Вряд ли сам Набоков считал это стихотворение большой удачей — на тот момент он все-таки еще только осваивался в английском: «чемпион по фигурному катанию встал на роликовые коньки», как он скажет [своей жене] Вере. Но 20 лет спустя, уже достигнув на своем втором языке недостижимых высот, он ровно этим же размером и с парой очень похожих приемов напишет стихотворную часть «Бледного огня». Так что перед нами очередное и крайне своевременное напоминание, что нет литературы высокой и низкой, а есть идеи остроумные и нет.

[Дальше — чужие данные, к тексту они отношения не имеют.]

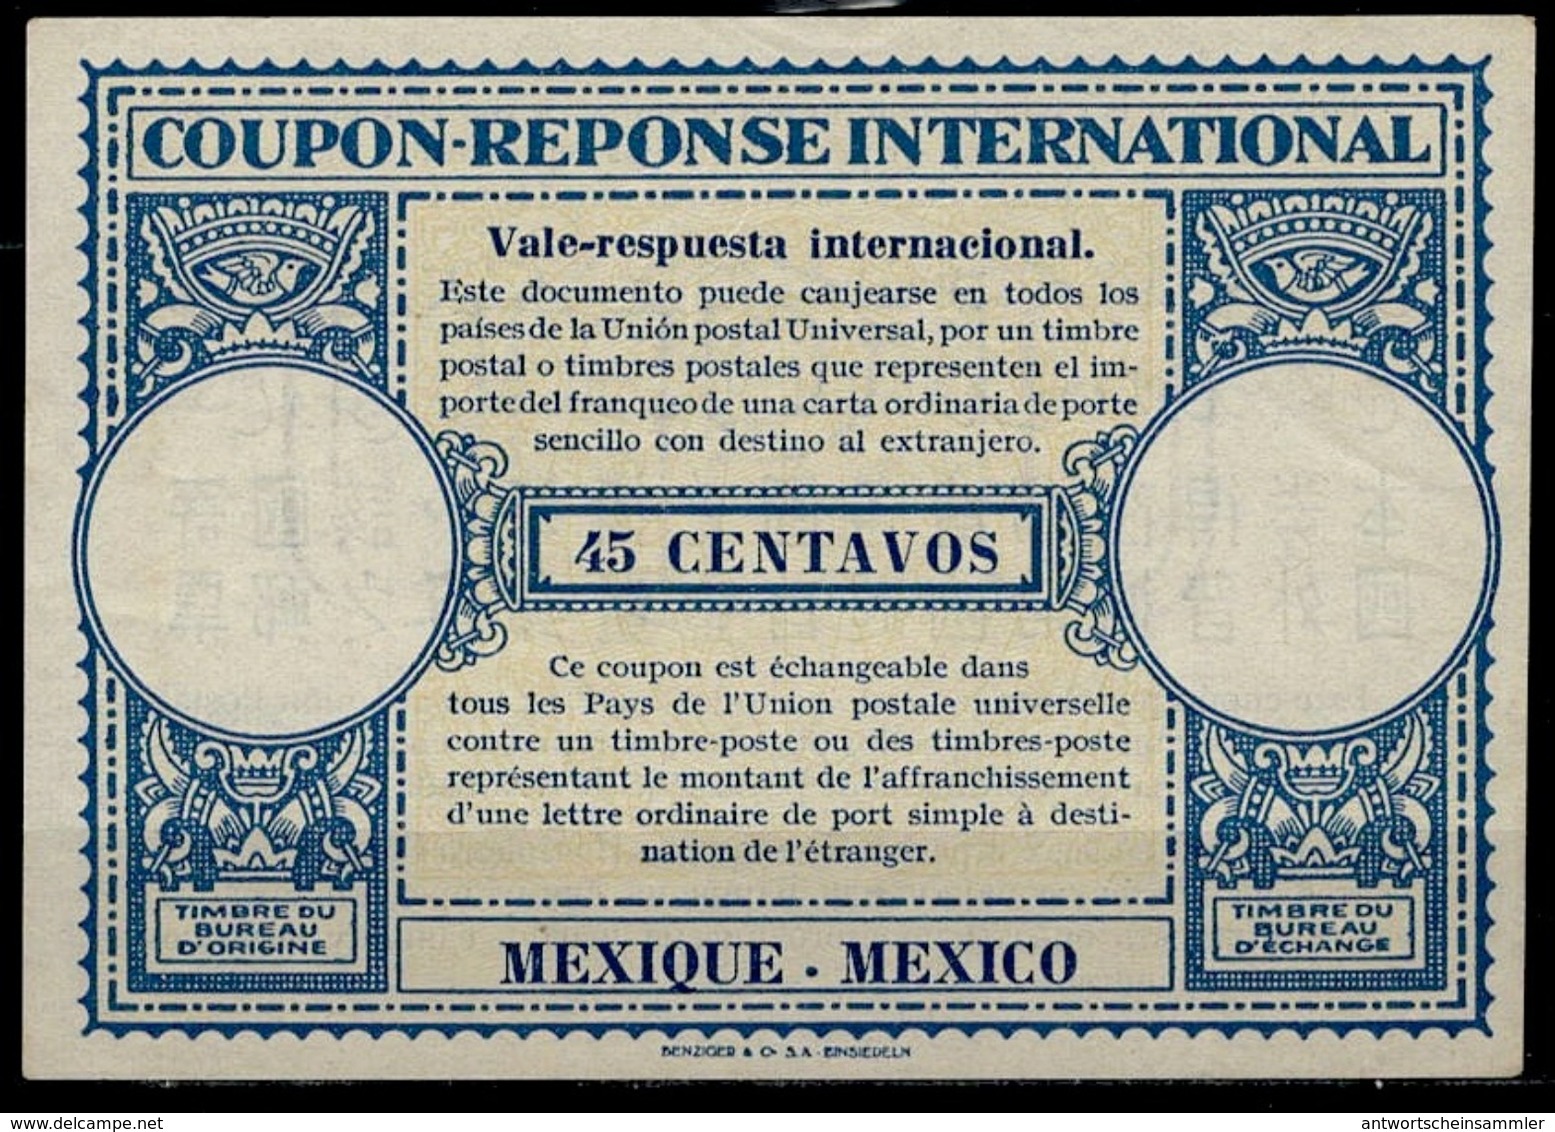 MEXICO / MEXIQUE Ca 1948, London Type XVr 45 CENTAVOS International Reply Coupon Reponse Antwortschein IAS IRC Mint ** - Mexique

Плач человека завтрашнего дня
Носить очки — мой долг. Иначе враз
И легкие ее мой суперглаз
Узрит, и печени дрожащий ком
Покажется, как в водорослях сом,
В сени костей. Измученный изгой,
Слоняюсь я по свету, словно мой
Из «Лира» соименник. Весь мой вид —
Носи я хоть трико, хоть тройку-твид —
Мне ненавистен: и могучий торс,
И каждой мышцы корабельный трос,
И синий чубчик. Ключ моей хандры —
Не пропасть, разделившая миры
Фантазии и Факта от и до
(Мне не слетать в «Орлиное гнездо»
И даже по призыву не попасть);
Меня постигла худшая напасть.
Я молод, полон сока, что твой клен,
И, что неудивительно, влюблен.
Но все позывы сердца и души
Стальной рукой не хочешь, а души:
Моя любовь — землетрясенье, смерч,
И брачный час сулит невесте смерть,
Отелю снос, а рядом с ним домам
Как минимум ремонт оконных рам.
А ежели она переживет
Сей взрыв любви? Какой зачнется плод?
Что за младенец ринул бы на свет,
Сбив с ног врача? Он в возрасте двух лет
Сломал бы в доме каждый стул и стол,
А ножкой топнув, рухнул через пол;
Нырял в колодец в три; в четыре-пять
Сигал бы в печь на «я иду искать»;
К восьми играл бы в поезда, подняв
Над головой всамделишный состав;
А к девяти бы всех моих врагов
Избавил от оков. И был таков.
Вот почему, где я бы ни летал,
Как высоко, как ни был плащ мой ал,
Погони за карманниками мне
Скучны. Парю в небесной желтизне
Один. Плечистый, но сутулый Кларк,
Из мусорного бака взяв пиджак,
Сминает плащ и прячет в тот же бак.
Год-два спустя: аллея, Централ-Парк,
И статуя моя. И женский вздох:
«Ах, Кларк, как он чудесен!» Да, неплох,
Я бормочу, вздыхая втайне — но
Обычным парнем быть мне не дано.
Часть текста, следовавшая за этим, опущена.